Mich amüsiert ja deine Arbeit “Trying to figure out who I gonna fuck this week”. So viele Optionen – so wenig Optionen. Verstehe ich das richtig?
Haha ja, so ungefähr. Seit sich durch Corona das Sextummelbecken ins Digitale verlagert hat, sind die Optionen natürlich aufs Zehnfache gestiegen. Zwischen all dem Trash eine Auswahl zu treffen, ohne zu wissen wer sich am Ende daraus materialisiert, ist so eine Mischung aus Ü-Ei und Zirkuszelt.
Wie meinst du das?
Wenn Dir jemand, topmotiviert schreibt, er würde gleich vorbeikommen, müsse aber noch kurz warten, weil er durch den hart gewordenen Beweis der Männlichkeit die Hose nicht zu kriegen würde, stellt sich doch konkret die Frage: Ist es wirklich das, was man sich vorgestellt hat?

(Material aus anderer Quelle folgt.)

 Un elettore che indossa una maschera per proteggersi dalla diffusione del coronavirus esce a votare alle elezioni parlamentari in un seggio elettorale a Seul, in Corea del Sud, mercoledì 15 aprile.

Vielleicht war es eher ein kurzes Verlangen, eine Sehnsucht, die sich in der Sehnsucht selbst auch wieder auflöst. Aber glücklicherweise gibt es ja wieder Vernissagen – wenn man Eisprung hat oder notgeil ist, dann ist es nicht mehr so belastend, sich auszumalen, wen genau man die Woche flachlegen könnte.

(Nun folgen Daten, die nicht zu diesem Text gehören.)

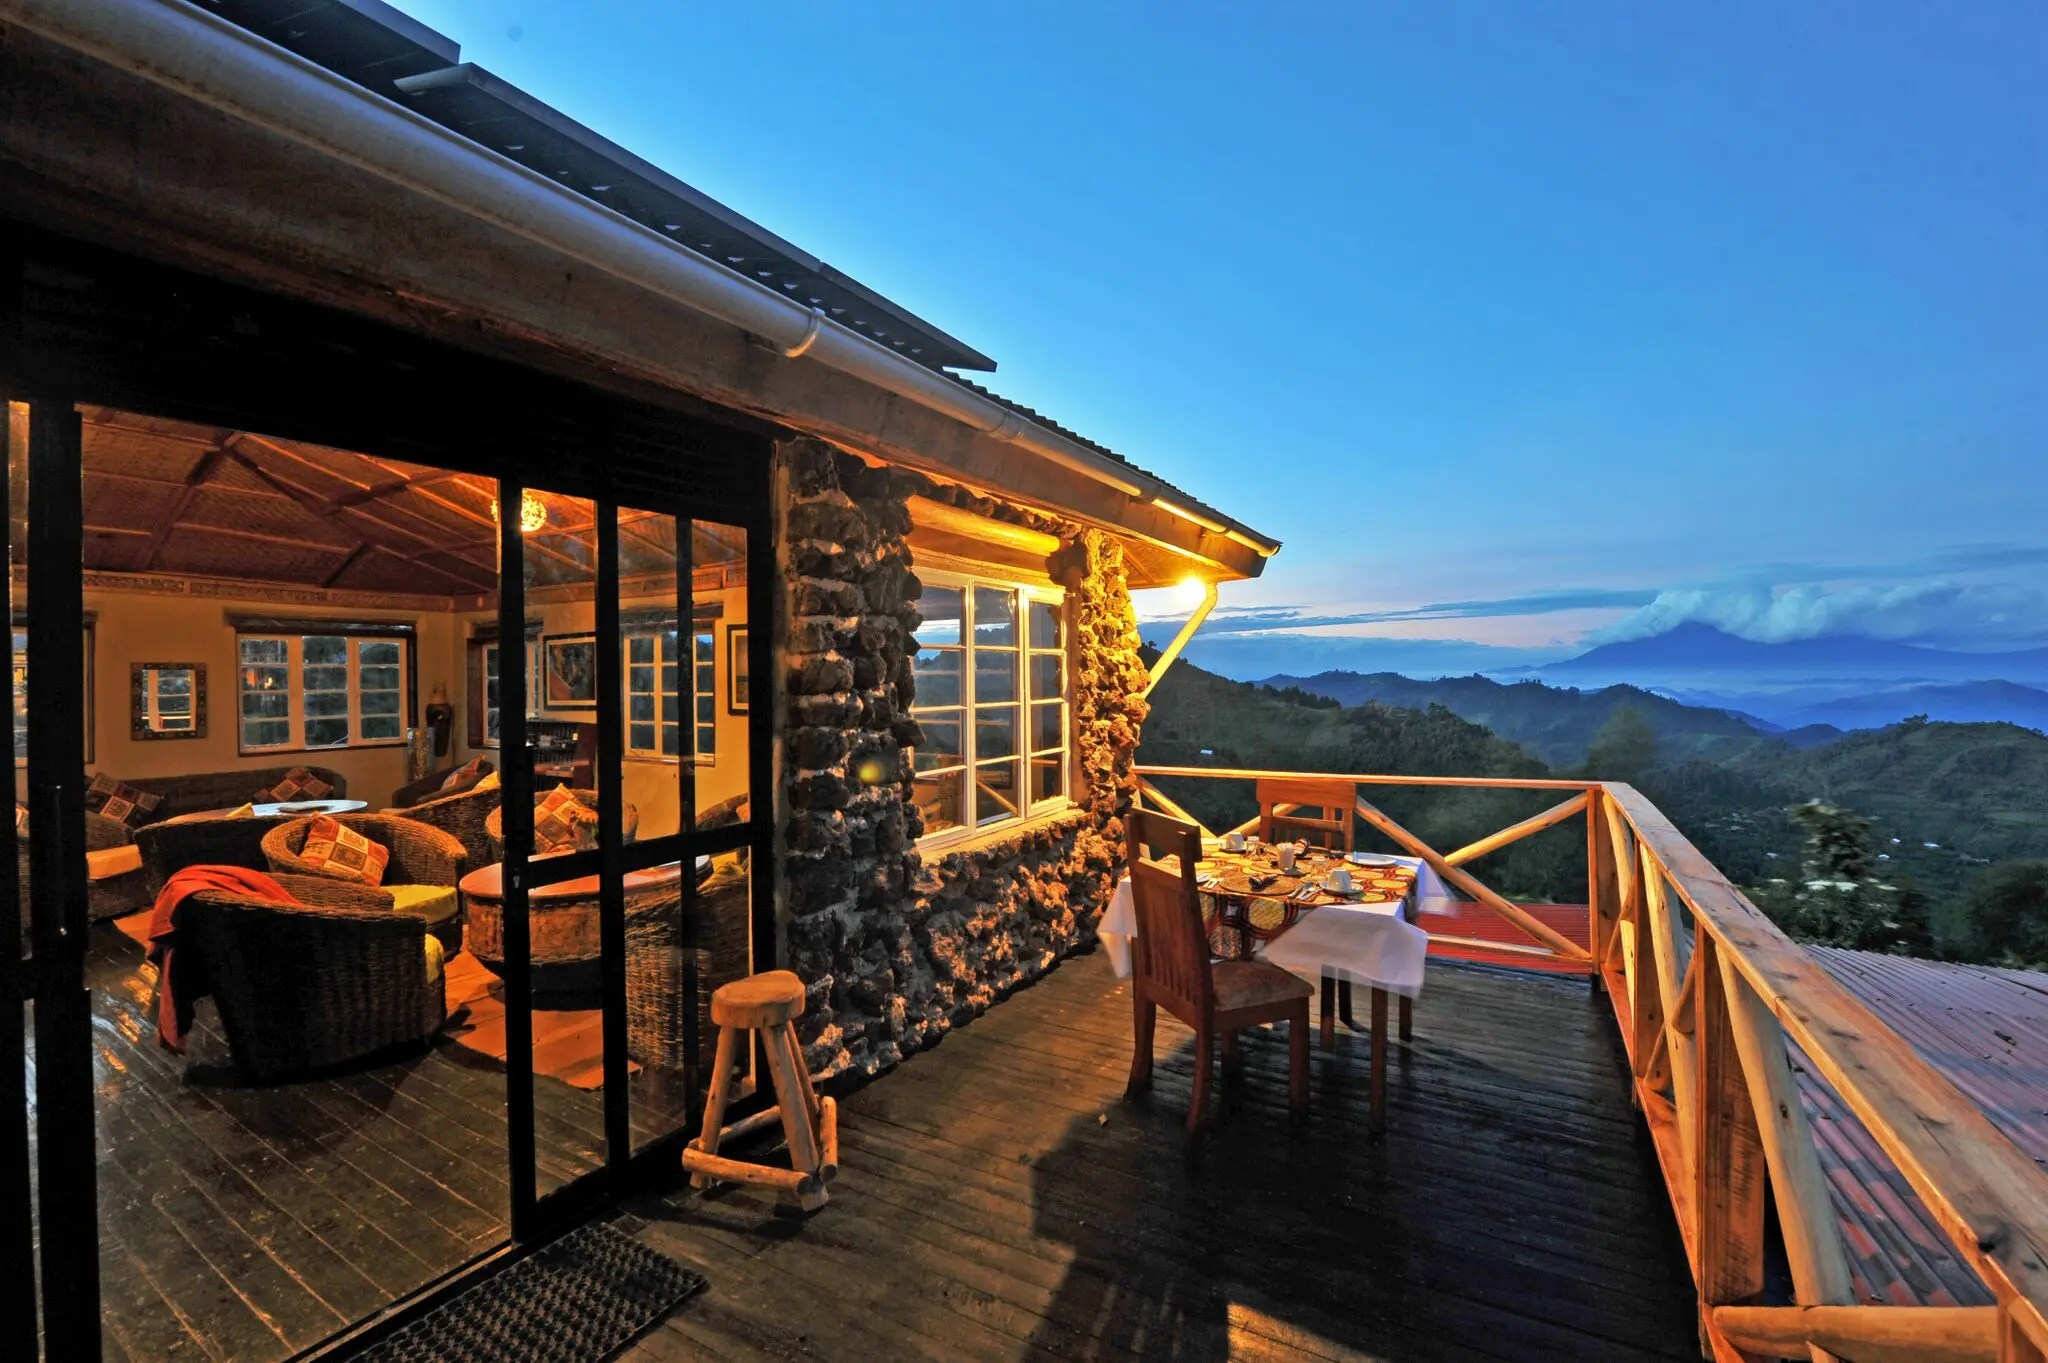 SAFARI ACCOMMODATION - Nkuringo Bwindi Gorilla Lodge

Wie viel Humor verträgt die Kunst?
Naja, wäre die Kunst nicht von Künstler:innen abhängig, gäbe es wahrscheinlich keine Grenzen. Wenn Humor in der Kunst sichtbar werden will, muss man wahrscheinlich als Künstler:innentyp Clown-Skills mitbringen oder sich das Humorvolle aneignen. Ich habe den Eindruck, dass in der Gegenwartskunst nicht das Alberne, sondern das Coole dominiert. Wahrscheinlich ist eher die Frage, wieviel Humor Künstler:innen bereit sind, in ihren Arbeiten zuzulassen.

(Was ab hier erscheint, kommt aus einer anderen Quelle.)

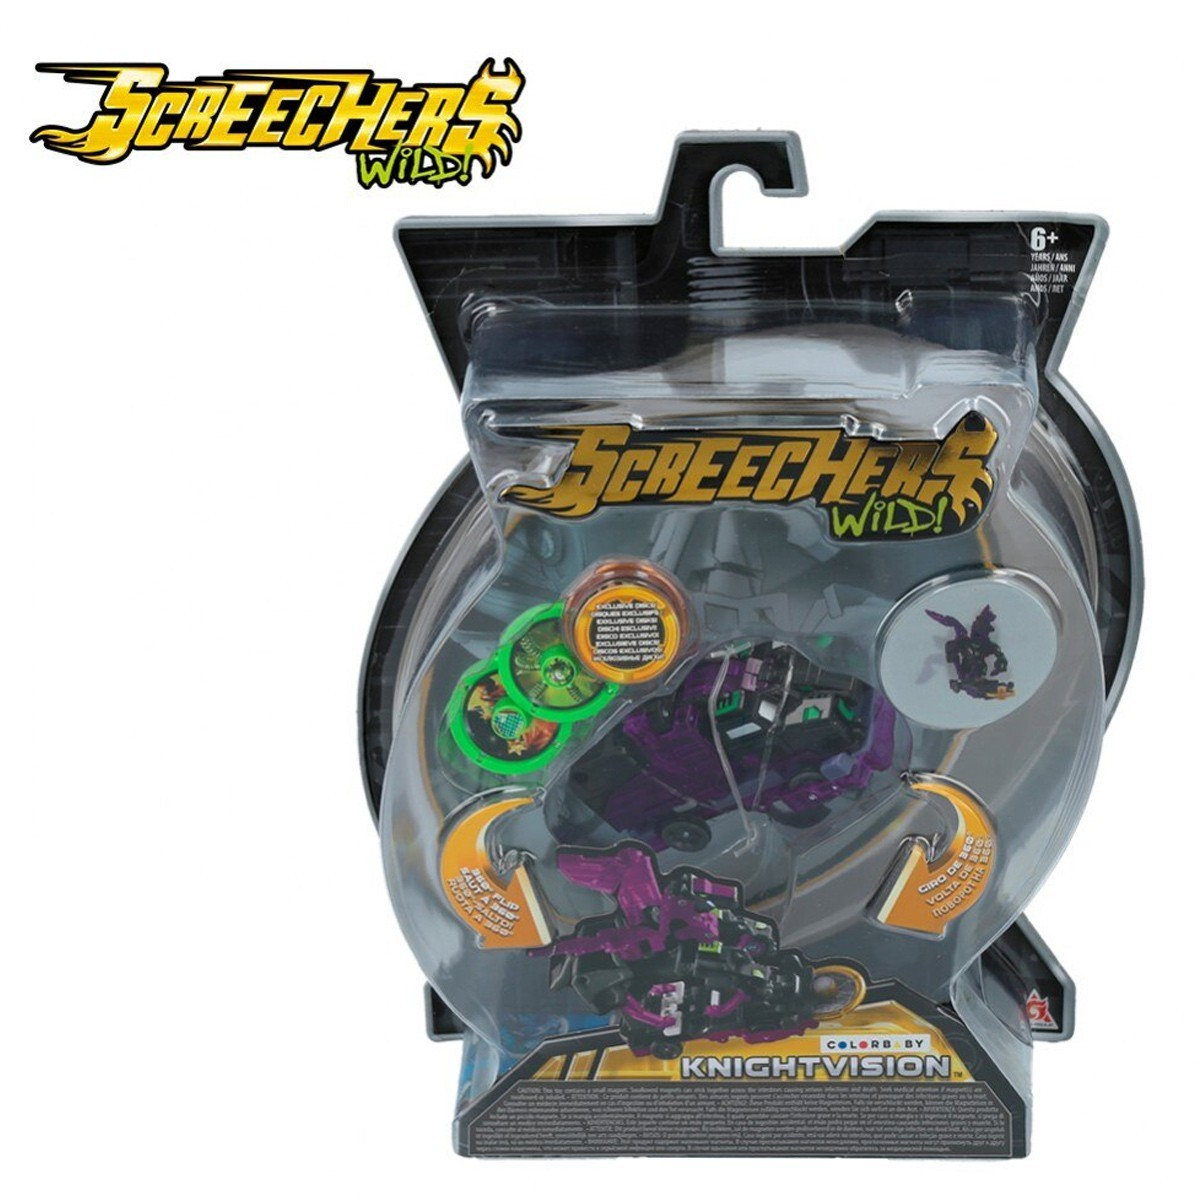 Brinquedo Screechers Knightvision com 3 Discos 4719

Wer oder was nimmt sich zu ernst?
Alle, die Angst haben etwas falsch zu machen. Kurator:innen, Direktor:innen, Museumswärter:innen, Künstler:innen, Kunstunis, Ausschreibungen – ach, im Grunde ist doch irgendwie alles vom Ernst durchtränkt. Vor allem sind da nach wie vor die ganzen Malerdeppen, die wochenlang versuchen, mit einem Pinselstrich und vermeintlich einzigartigem Gedankenblitz die eigene Pseudo-Genialität zur Diskussion zu stellen.
Wo hört der Spaß auf?
Für mich hört der Spaß bei wannabe-witzigen Naziästhetik-Kunst-Memes auf – oder bei pseudo-schlauen kritisch-lustigen Performances, die um tausend Ecken herum so tun, als würden sie sich mit deutscher Geschichte auseinandersetzen. Irgendwie soll dann alles so Augenzwinker-mäßig und sarkastisch sein. Funktioniert aber null. Die vermeintlichen Kunst-Nazi-Memes sehen am Ende trotzdem so aus, als ob irgendwelche Tattoo-90er-Sonnenbrillen-Berghain-Kids der Naziästhetik und der nicht ausgelebten deutschen Kultur hinterher trauern – als hätten sie sich auf der Suche nach irgendeiner verlorenen Zeit in der Zielsetzung verirrt. Als jemand, der jüdische Wurzeln hat, finde ich das einfach zero lustig und auch gefährlich.
Inwiefern?
Es ist revisionistisch und der Kunst gegenüber armselig. Es bringt auch nichts, dass die Autor:innen in den Memes oder Kunstaktionen die ganze Zeit mit dem Finger auf Christoph Schlingensief oder Jonathan Meese zeigen. Anders als diese Künstler, sind sie selbst nicht in der Lage, etwas komplett Eigenes zustande zu bringen. Die Verwebung von Naziästhetik mit Kitsch, Trash, Performance und einer Verortung in der heutigen Zeit muss so absurd gestört sein, dass Rezipient:innen kurz über das Grausame lachen können und dadurch in die Lage versetzt werden, erneut hinzusehen und sich der Vergangenheit zu stellen.
Am Donnerstag, den 21. April, eröffnet die Einzelausstellung “TANGA TANGA” von Sonja Yakovleva in der Galerie Robert Grunenberg. Sie läuft bis zum 4. Juni.
In unserer Interview-Reihe “Gute Laune mit” sprechen wir mit Künstler*innen, deren Arbeit uns Freude macht, weil sie clever und humorvoll ist – vor allen Dingen nicht so unangenehm egal, wie vieles, dass wir vor Publikum mit wissendem Nicken bedenken und privat zum Gähnen finden.